Task directions – No pictures belong in the copy. Set down exactly the lines from the one that contains "Ukulele Guitalele Musical" through the end of the data.

Data shown –

*** Block opens ***

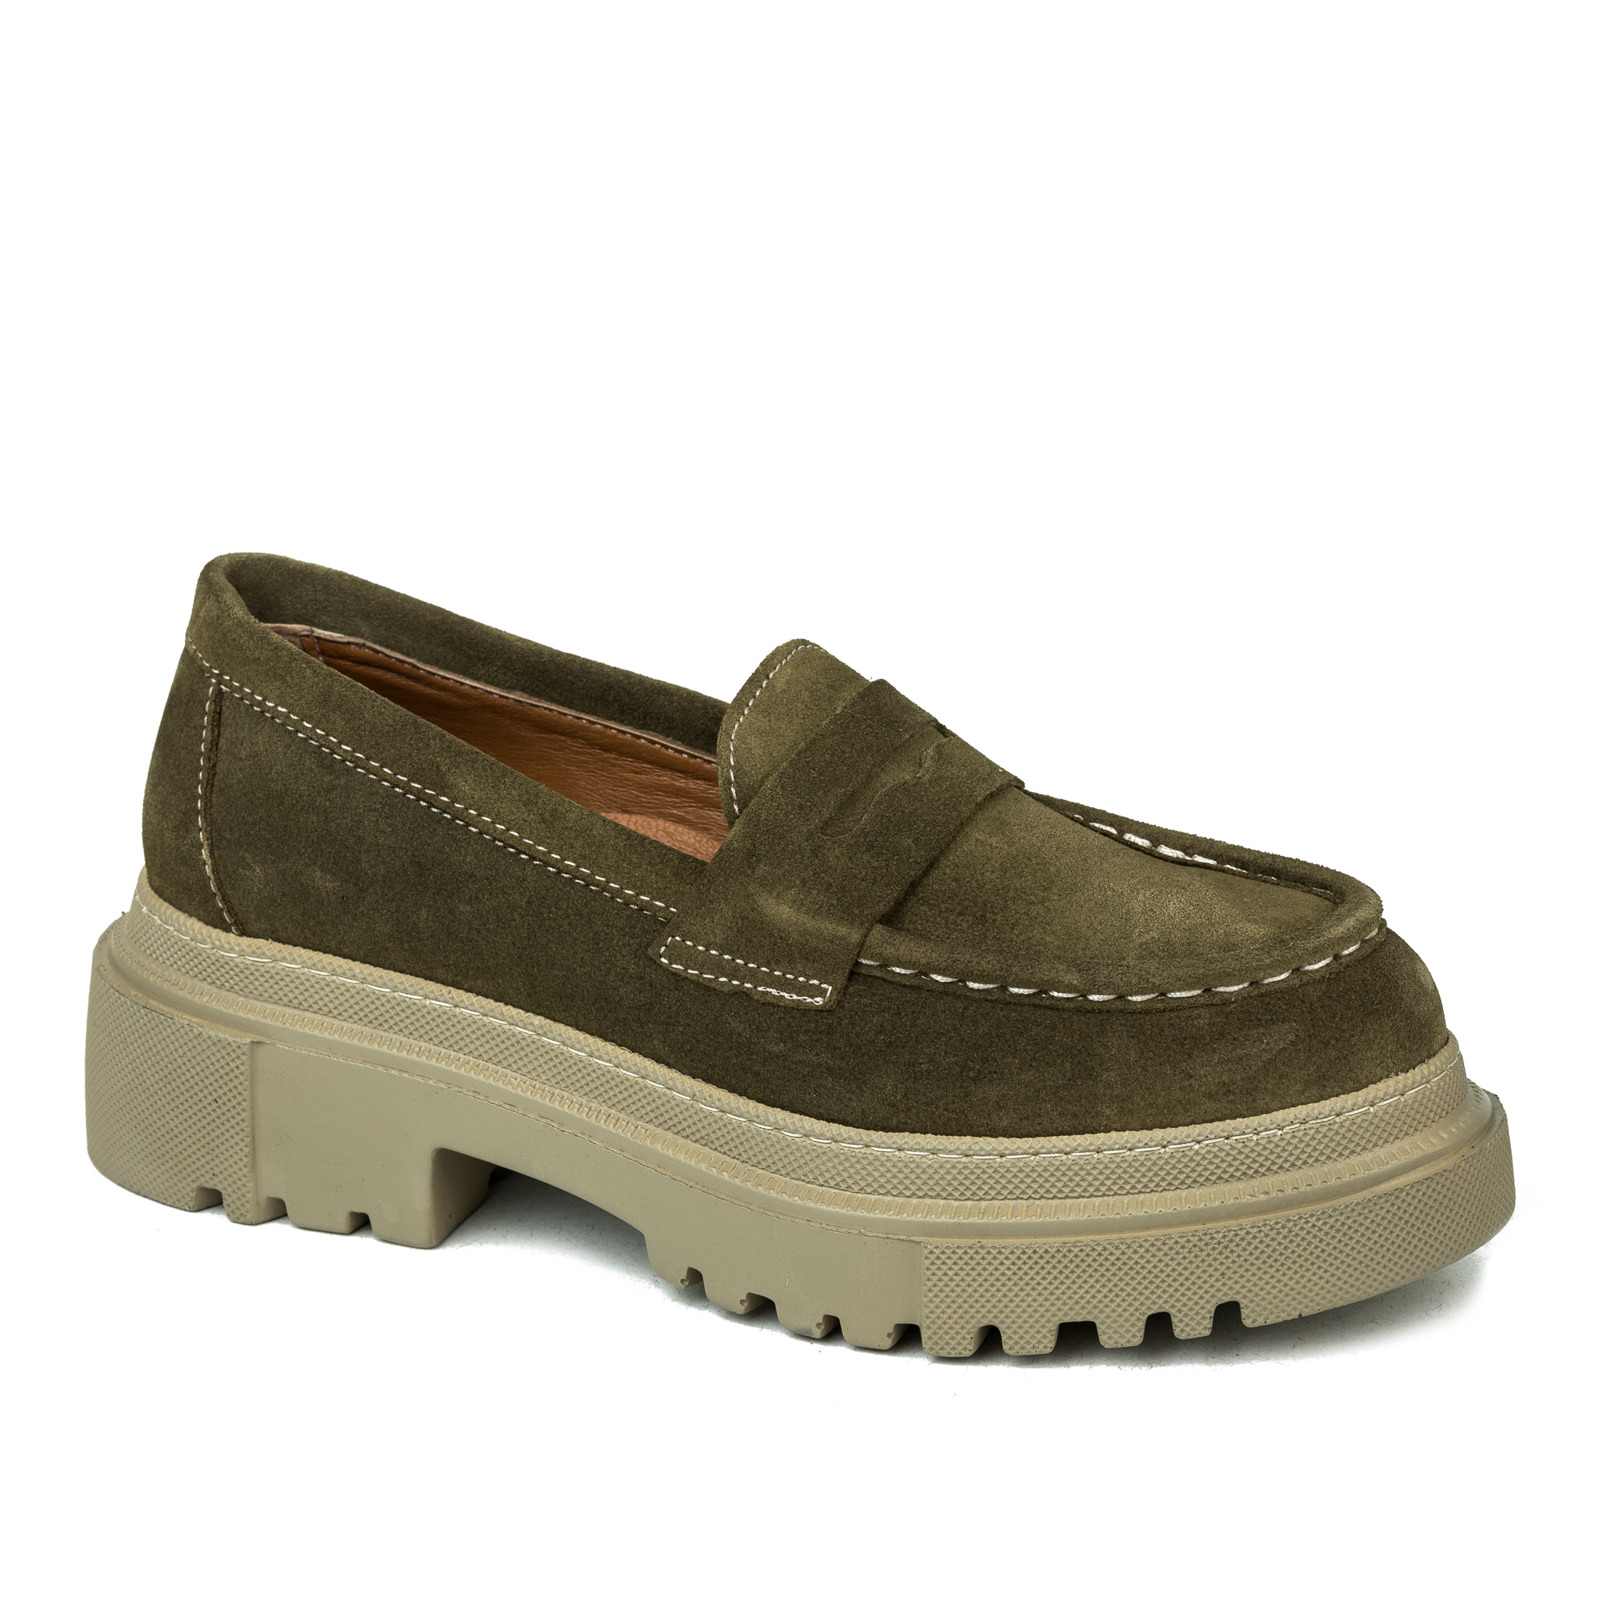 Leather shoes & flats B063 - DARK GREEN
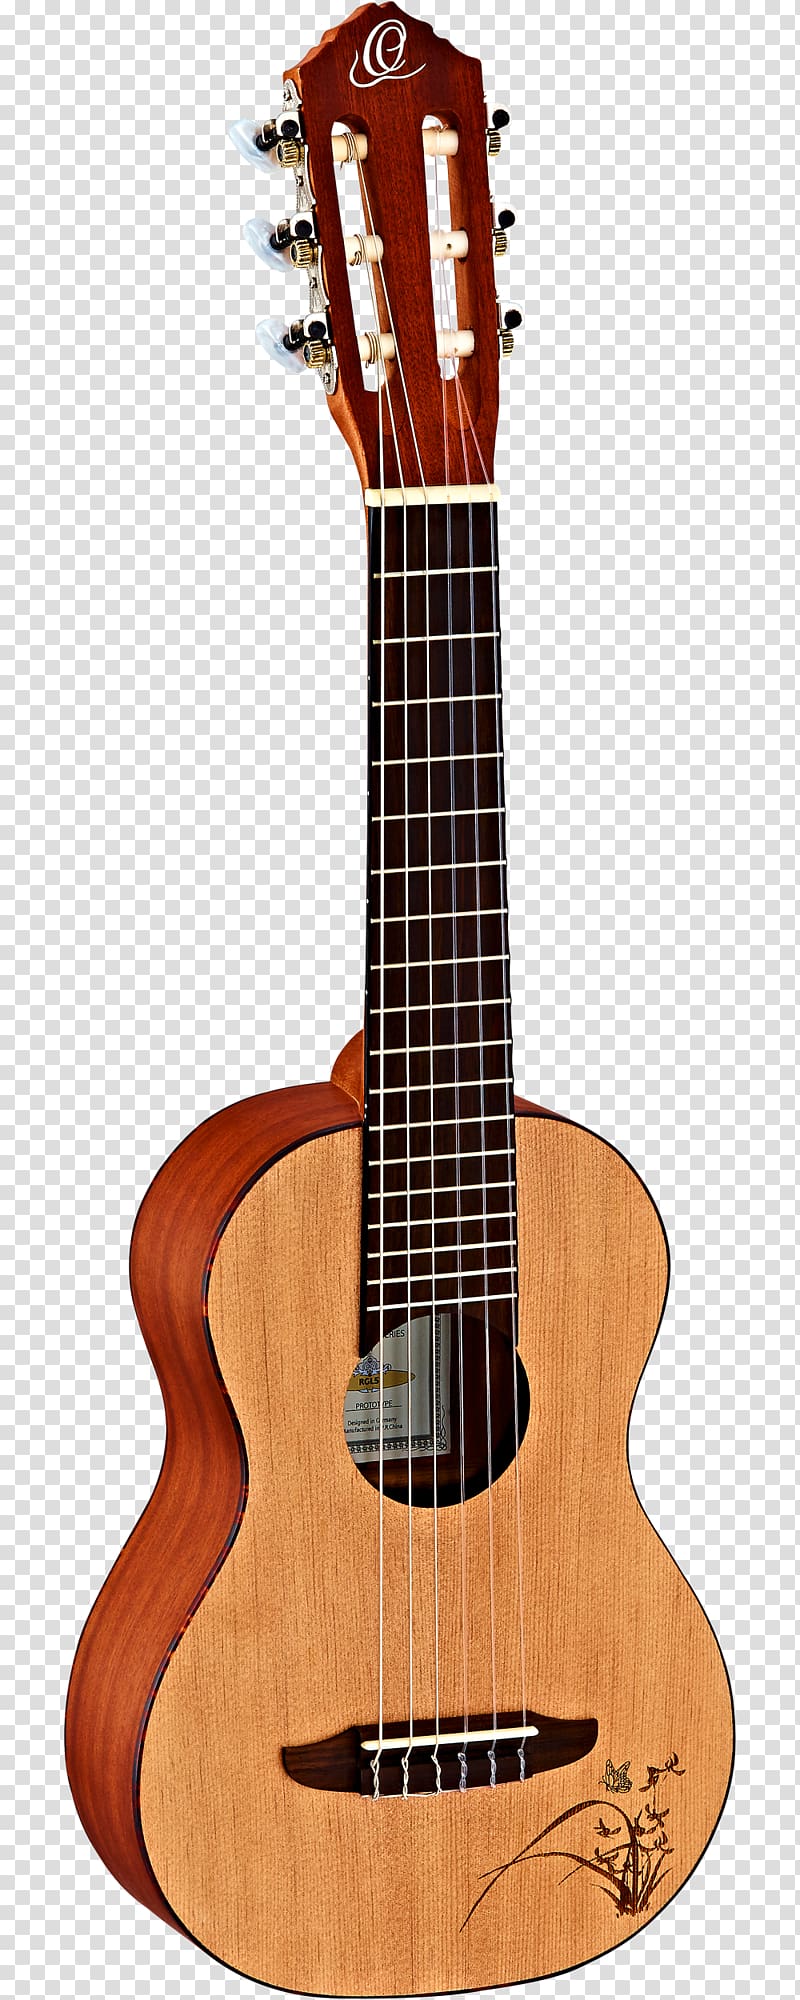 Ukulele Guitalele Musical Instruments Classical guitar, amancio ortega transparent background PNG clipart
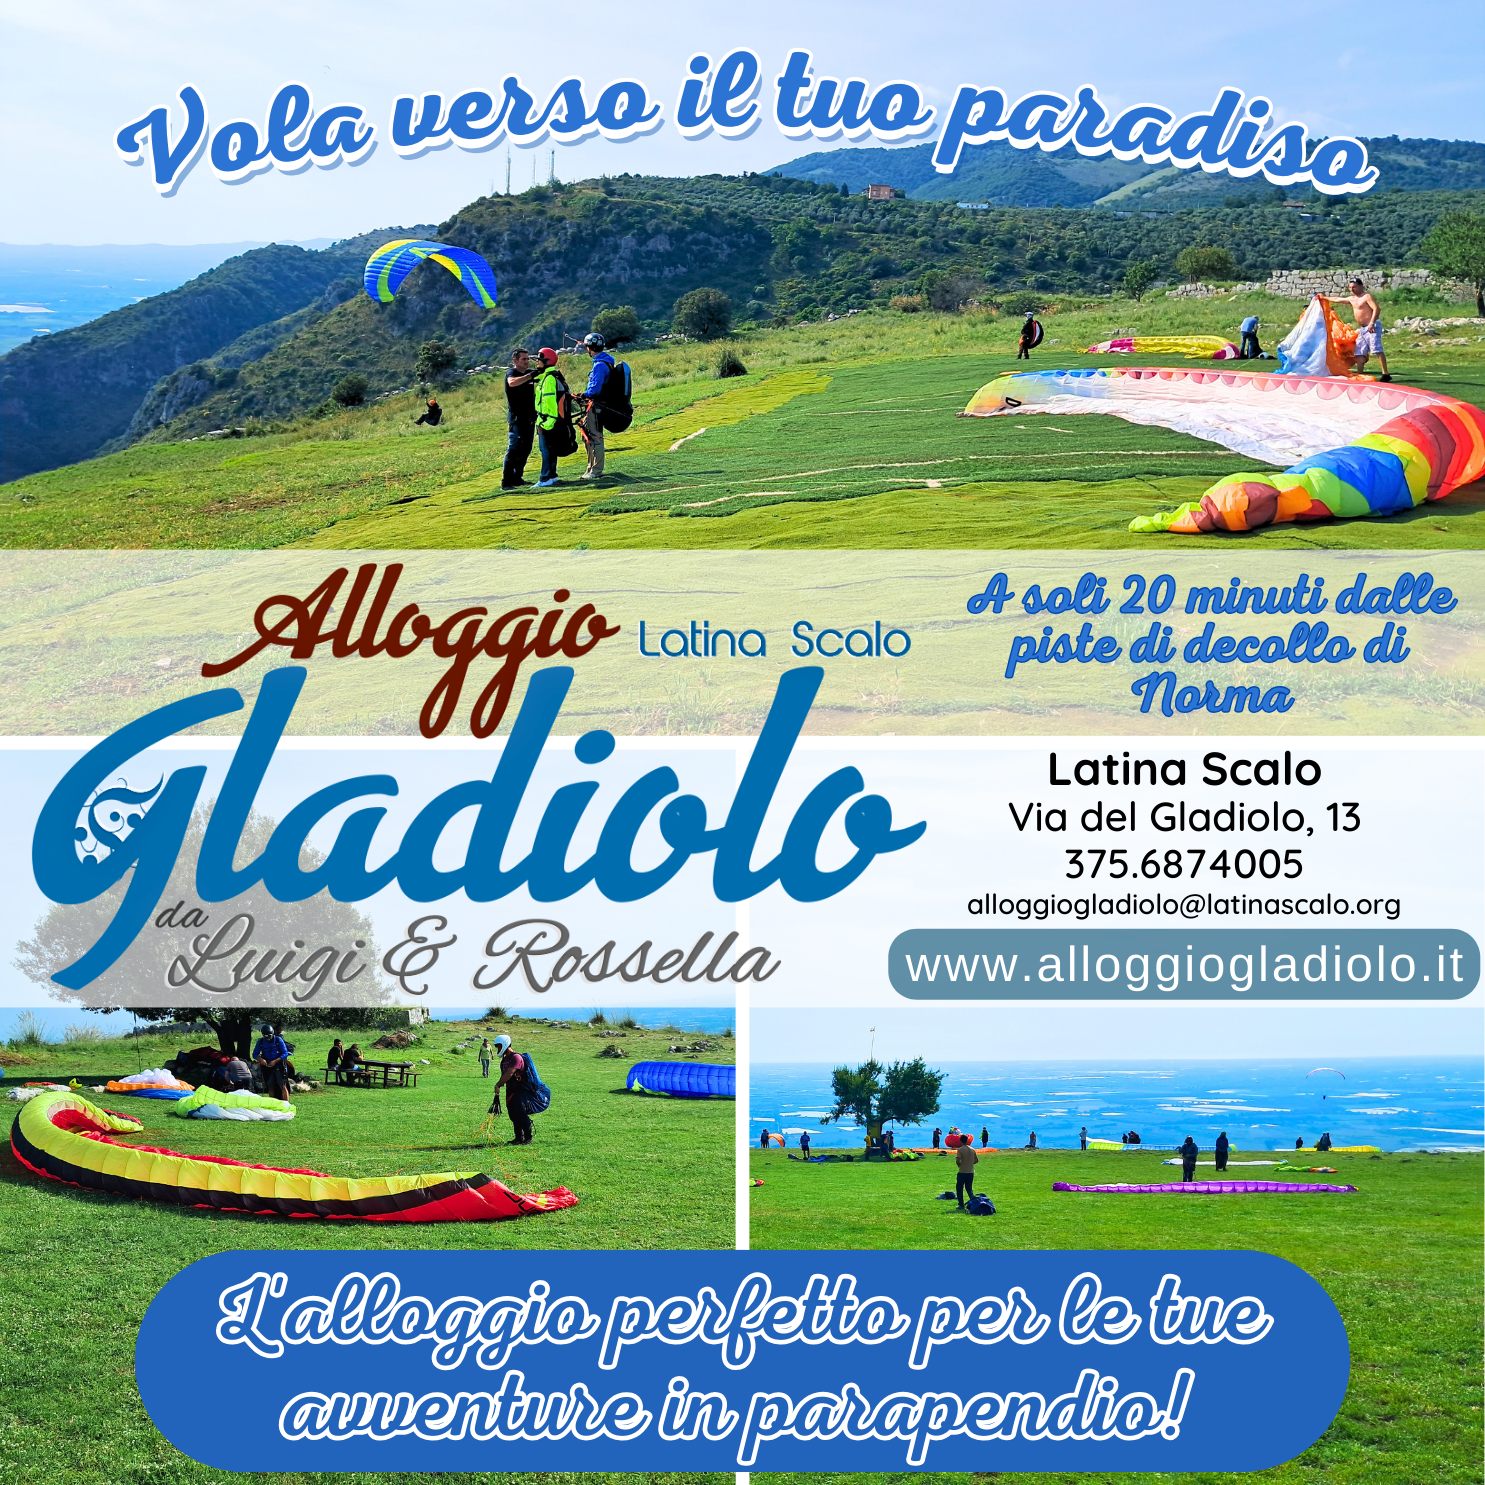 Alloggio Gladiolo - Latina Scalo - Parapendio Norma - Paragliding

*** Block closes ***

Solution for this exercise –
 Ukulele Guitalele Musical Instruments Classical guitar, amancio ortega transparent background PNG clipart
 Alloggio Gladiolo - Latina Scalo - Parapendio Norma - Paragliding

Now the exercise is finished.